But how fast depends on a number of factors including client-side cache memory, ratio of “gets” to “sets”, and the number of clients. Using the client-side cache can also reduce the load on the Redis cluster, and enable higher client-side throughputs. A good rule of thumb would be that latency is improved most with cache hit rates > 50% and less “sets”, clients and load, but more substantial throughput savings are achieved with more clients—it just depends what your particular performance/throughput tradeoff goals are in practice. And with all benchmarking and modeling activities, it pays to repeat a similar exercise with your own clusters, applications, clients, and workloads, as the results may differ.

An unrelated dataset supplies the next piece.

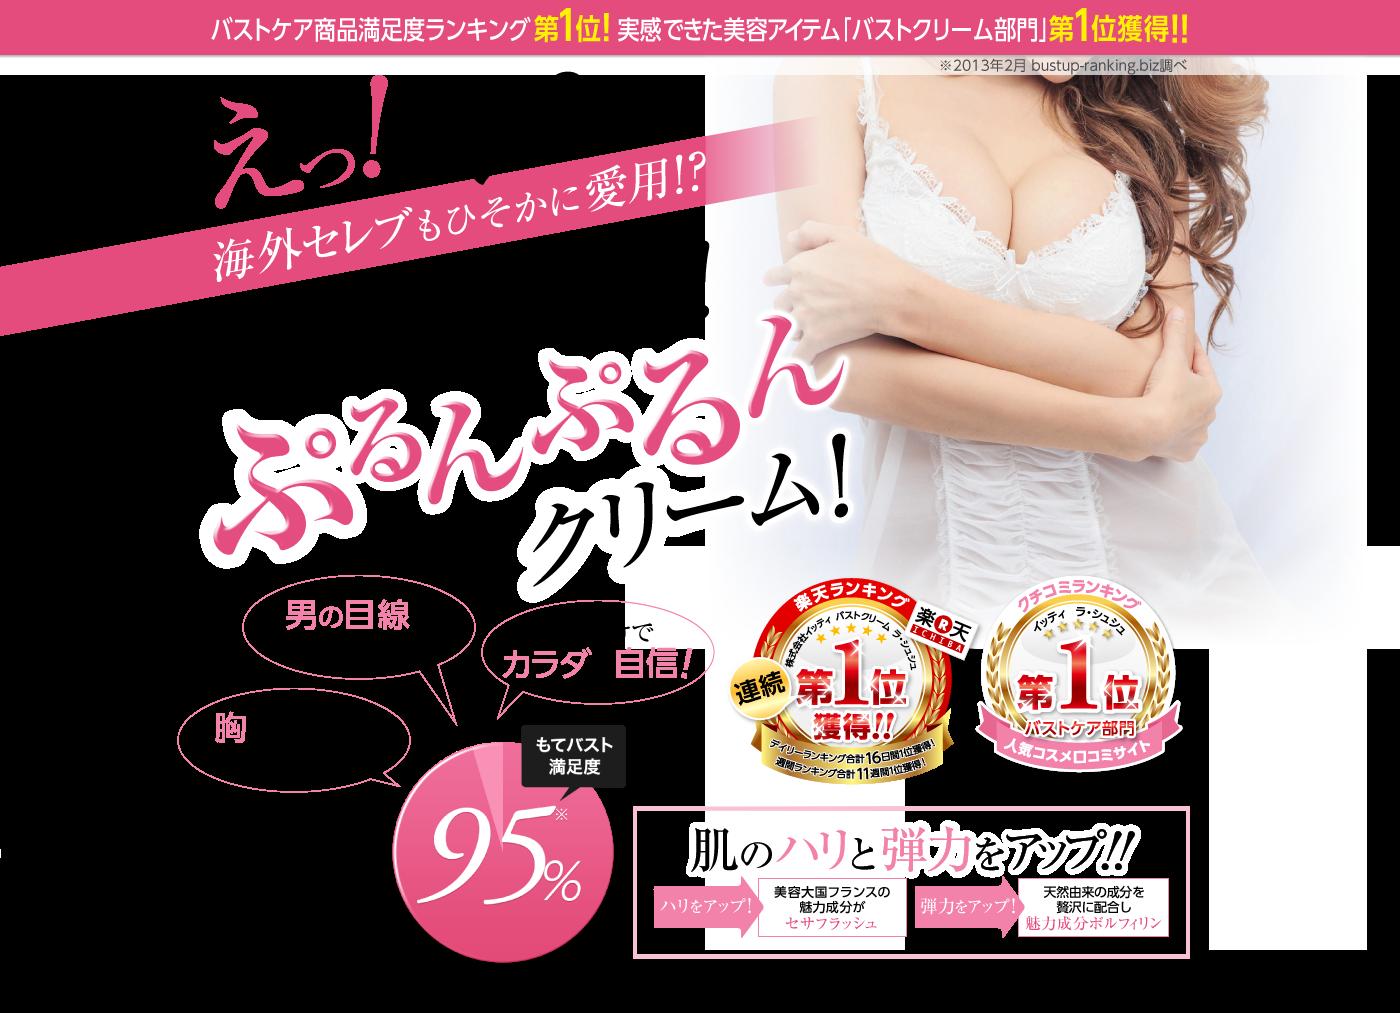 藤井リナ美バストの秘密ついに公開

Apache Kafka vs. Redis Pub/Sub & Streams
A 3-part blog series with a detailed analysis of Apache Kafka vs Redis messaging patterns (pub/sub and streams) – how do the functionality and performance compare?

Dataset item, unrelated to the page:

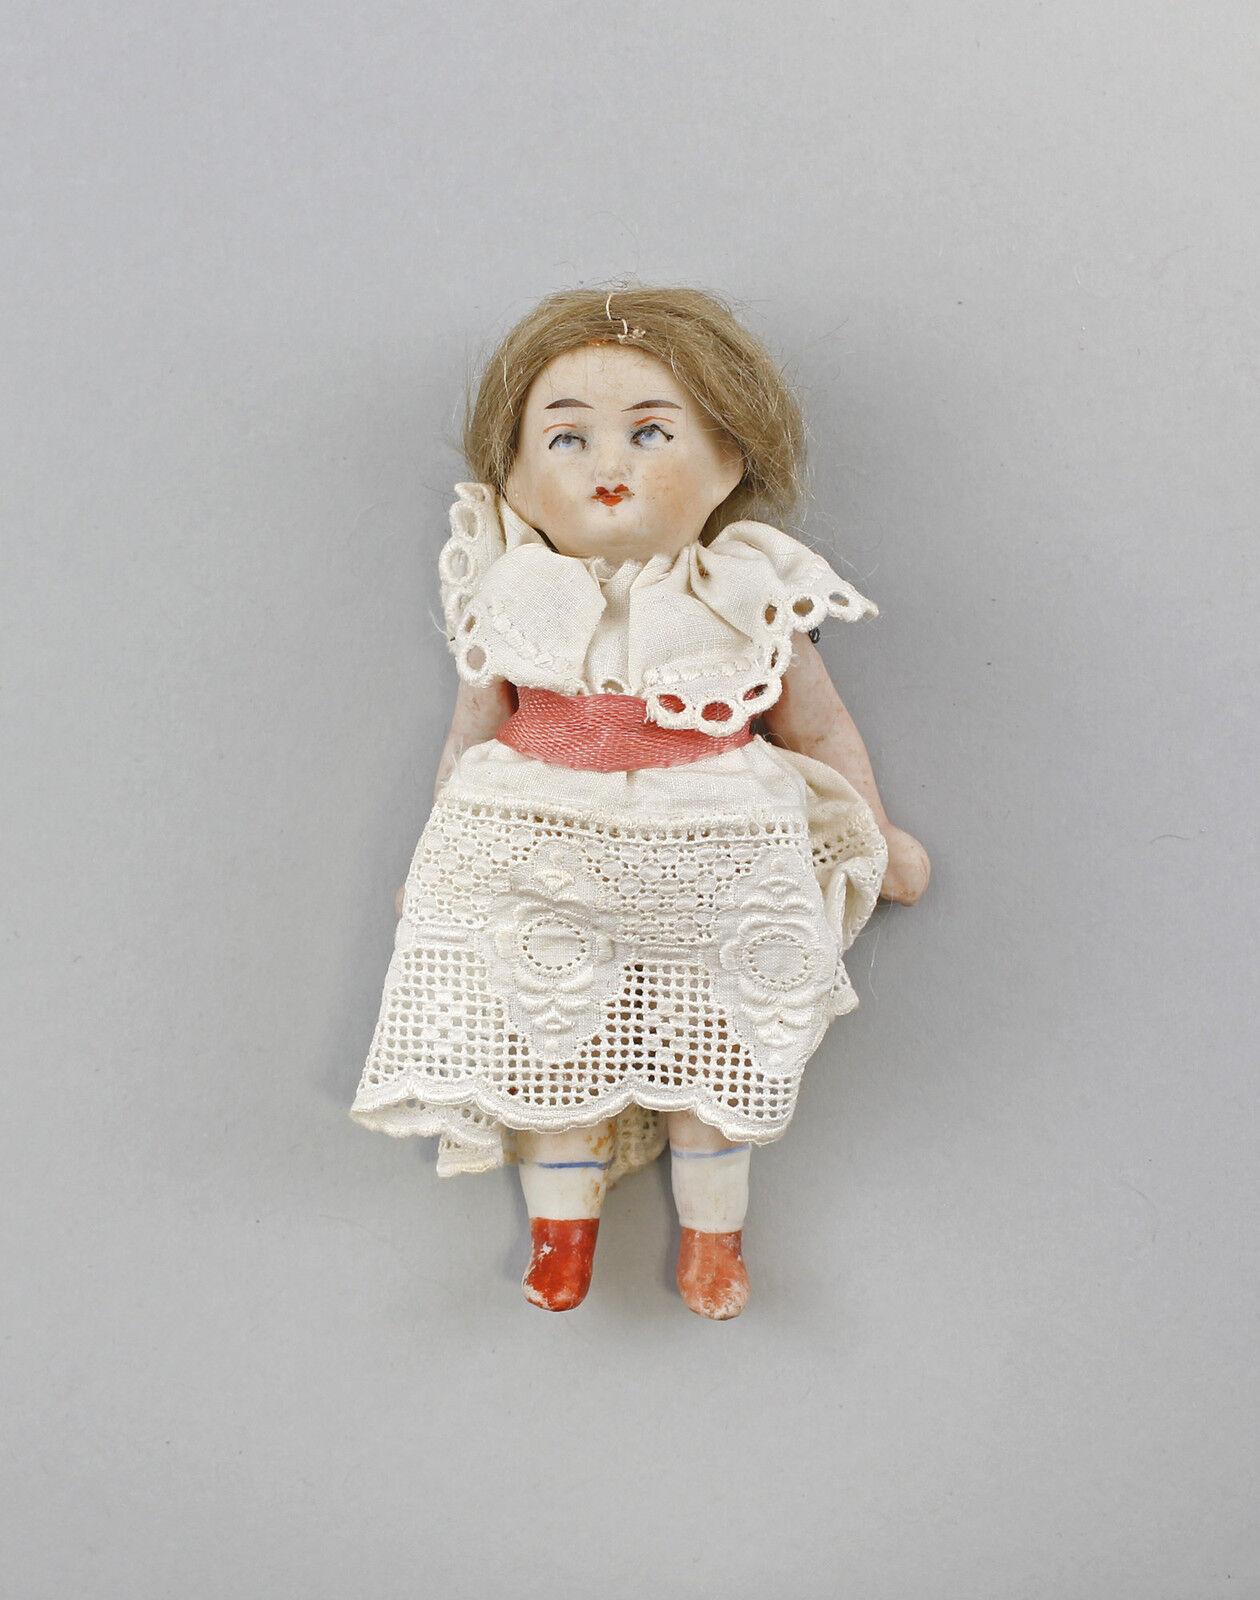 Ganz- Biskuit Porzellan Puppenstubenpuppe 99810017

Apache ZooKeeper Meets the Dining Philosophers, 9 May, 2021
A ZooKeeper walks into a pub, and ends up helping some Philosophers solve their fork resource contention problem. This was a fun blog to test out our new Apache ZooKeeper managed service. I wrote a simple Dining Philosophers solution, using Apache ZooKeeper and Apache Curator, tried it out on a single Server and an Ensemble, and reported the performance results and implications for Apache Kafka ZooKeeper performance (hint: it doesn’t have great write scalability). Apache Kafka is leaving the Zoo(keeper) soon (KRaft is now the default meta-data system), but there are still lots of distributed applications in need of some coordination help.

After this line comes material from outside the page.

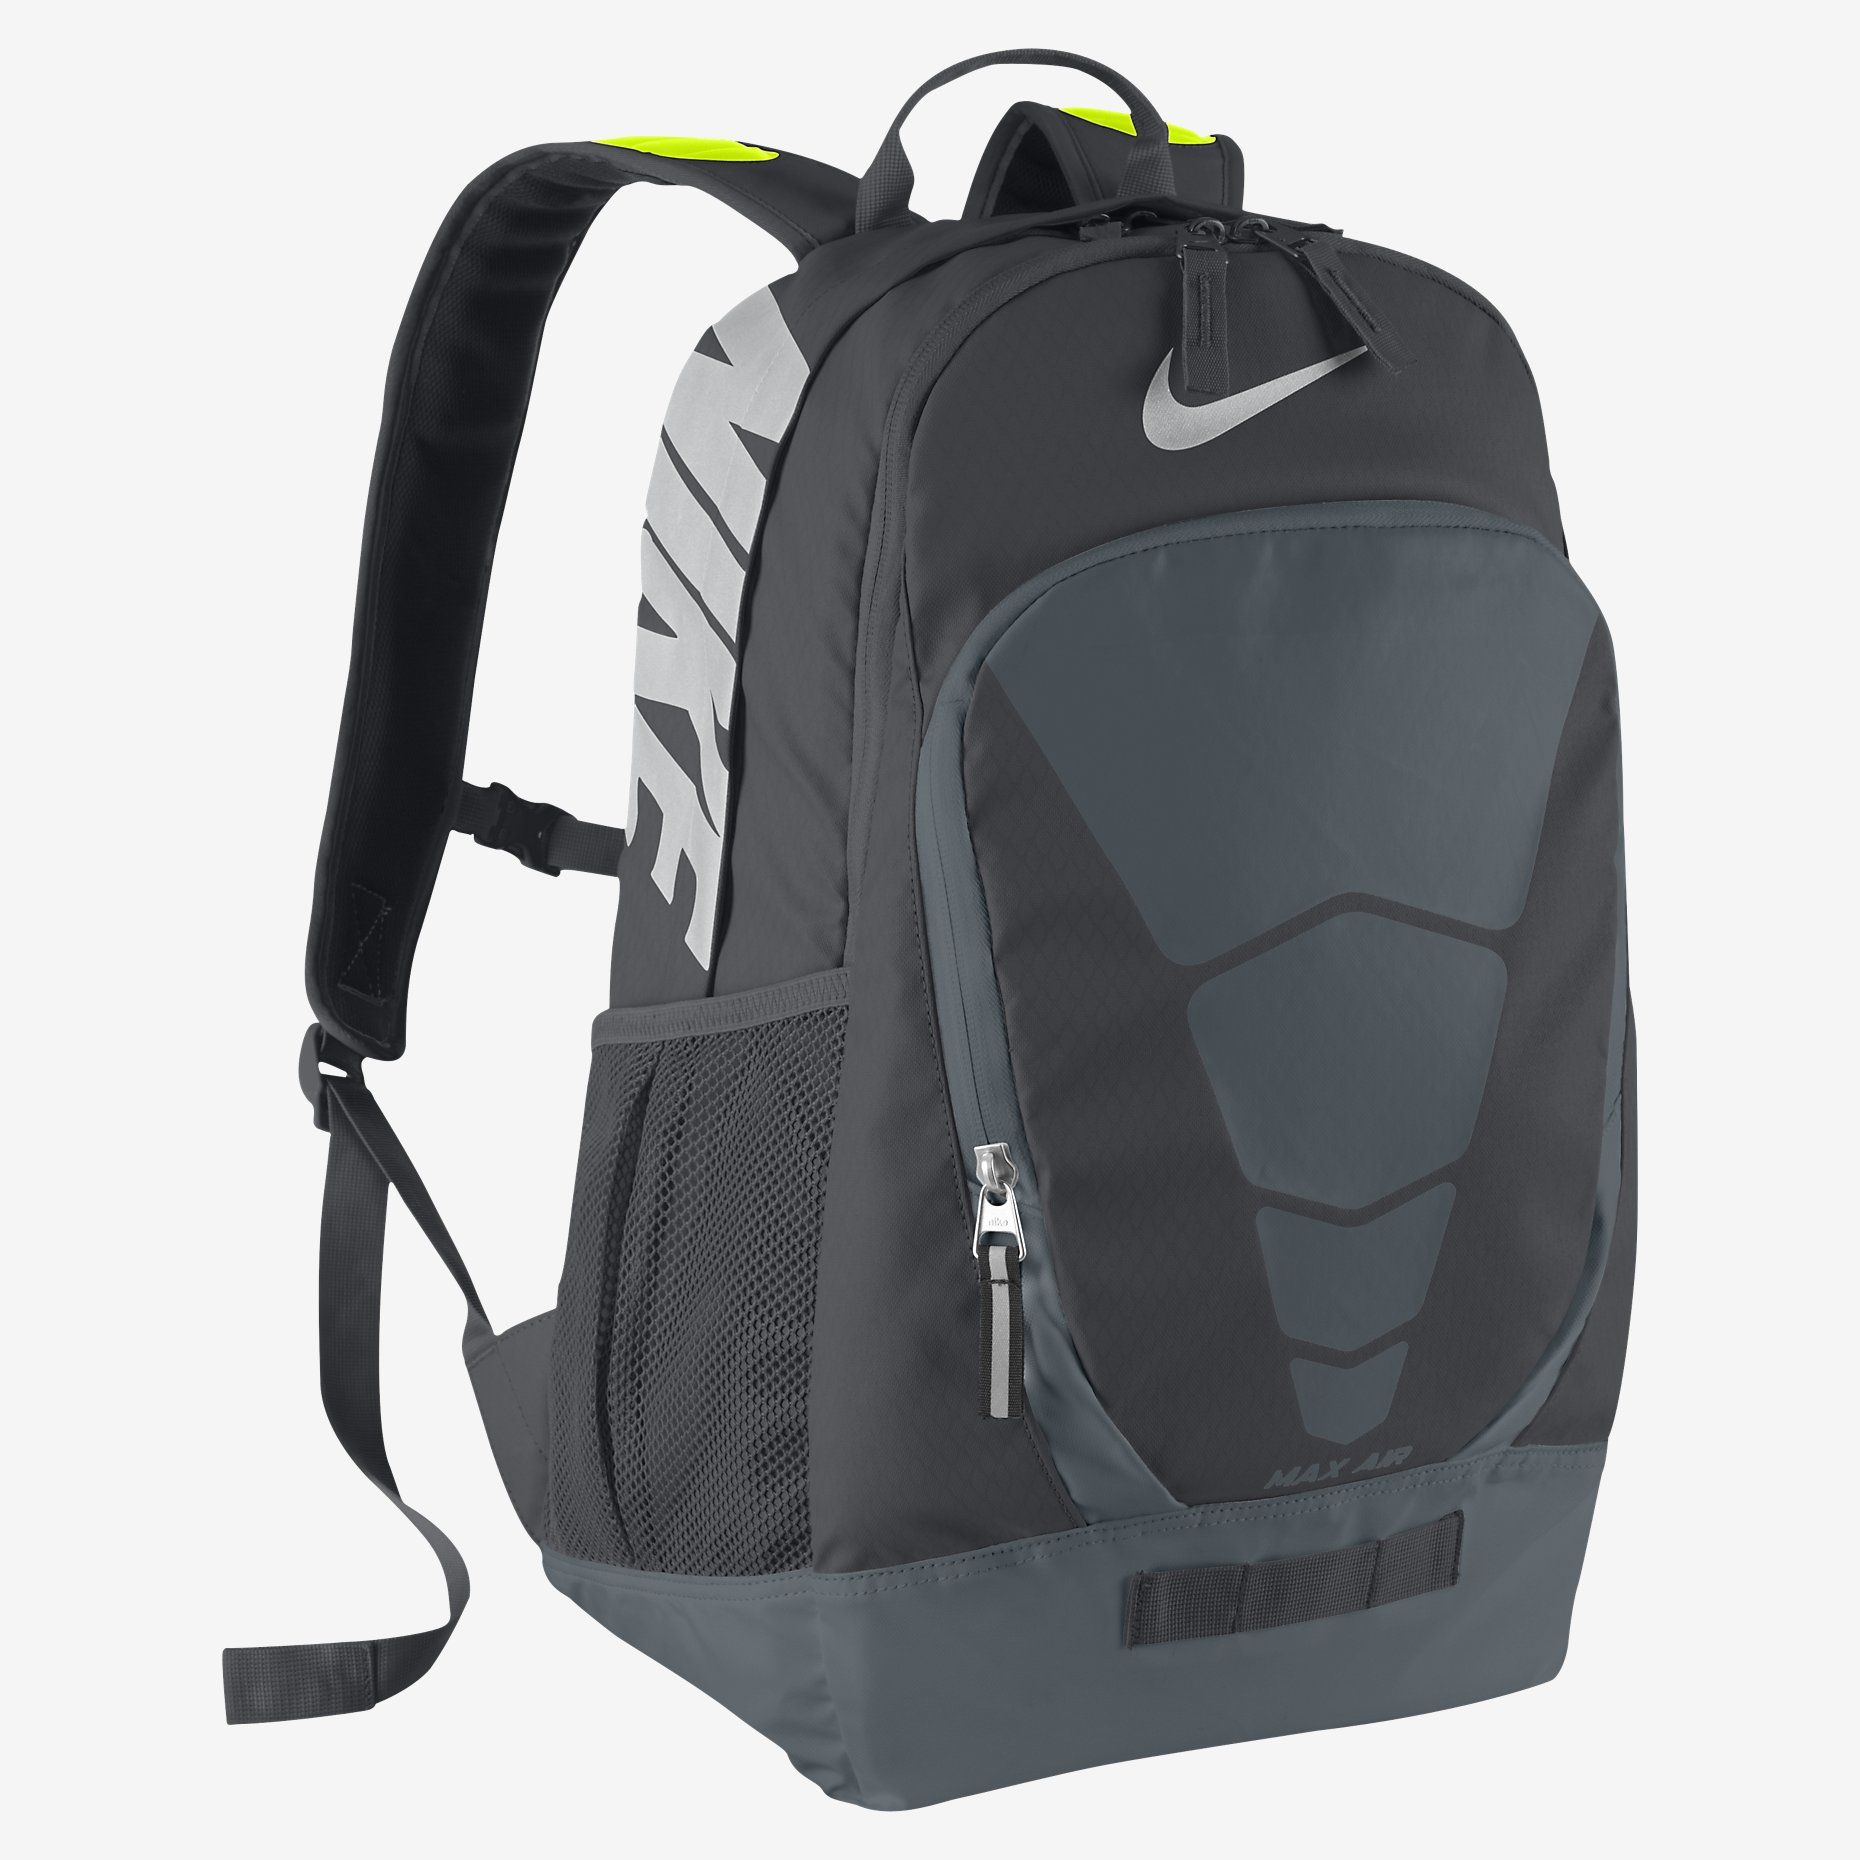 NIKE bag (UAE, Dubai) | Nike bags, Nike, Bags

This blog was an overview of using Kafka Connect, Debezium and PostgreSQL.
Performance summary:
One limitation of the Debezium PostgreSQL connector is that it can only run as a single task. I ran some load tests and discovered that a single task can process a maximum of 7,000 change data events/second. This also corresponds to transactions/second as long as there’s only one change event per transaction. If there are multiple events per transaction, then the transaction throughput will be less. In a previous blog (pipeline series part 9) we achieved 41,000 inserts/s into PostgreSQL, and 7,000 is only 17% of that. So, this part of the CDC pipeline is acting more like an elephant than a cheetah in practice. However, typical PostgreSQL workloads have a mix of writes and reads, so the write rate may be substantially less than this, making the Debezium PostgreSQL connector a more viable solution.
I also noticed another slightly odd behaviour that you may need to be aware of. If two (or more) tables are being watched for change events, and the load is unbalanced across the tables (e.g. if a batch of changes occurs in one table slightly before the other), then the connector processes all the changes from the first table before starting on changes for the second table. This was a 10 minute delay for the example I discovered. I’m not really sure what’s going on here, but it looks like the connector has to process all changes for one table, before moving onto other tables. For more normal, well-balanced workloads, this may not be an issue, but for spikey/batch loads that heavily load a single table, this may cause problems for timely processing of change events from other tables.
One solution may be to run multiple connectors. This appears to be possible (e.g. see this useful blog), and may also help with overcoming the 7,000 events/s max processing limit. However, it would probably only work if there is no overlap of tables between the connectors, and you need to have multiple replication slots for this work (there is a connector configuration option for “slot.name”).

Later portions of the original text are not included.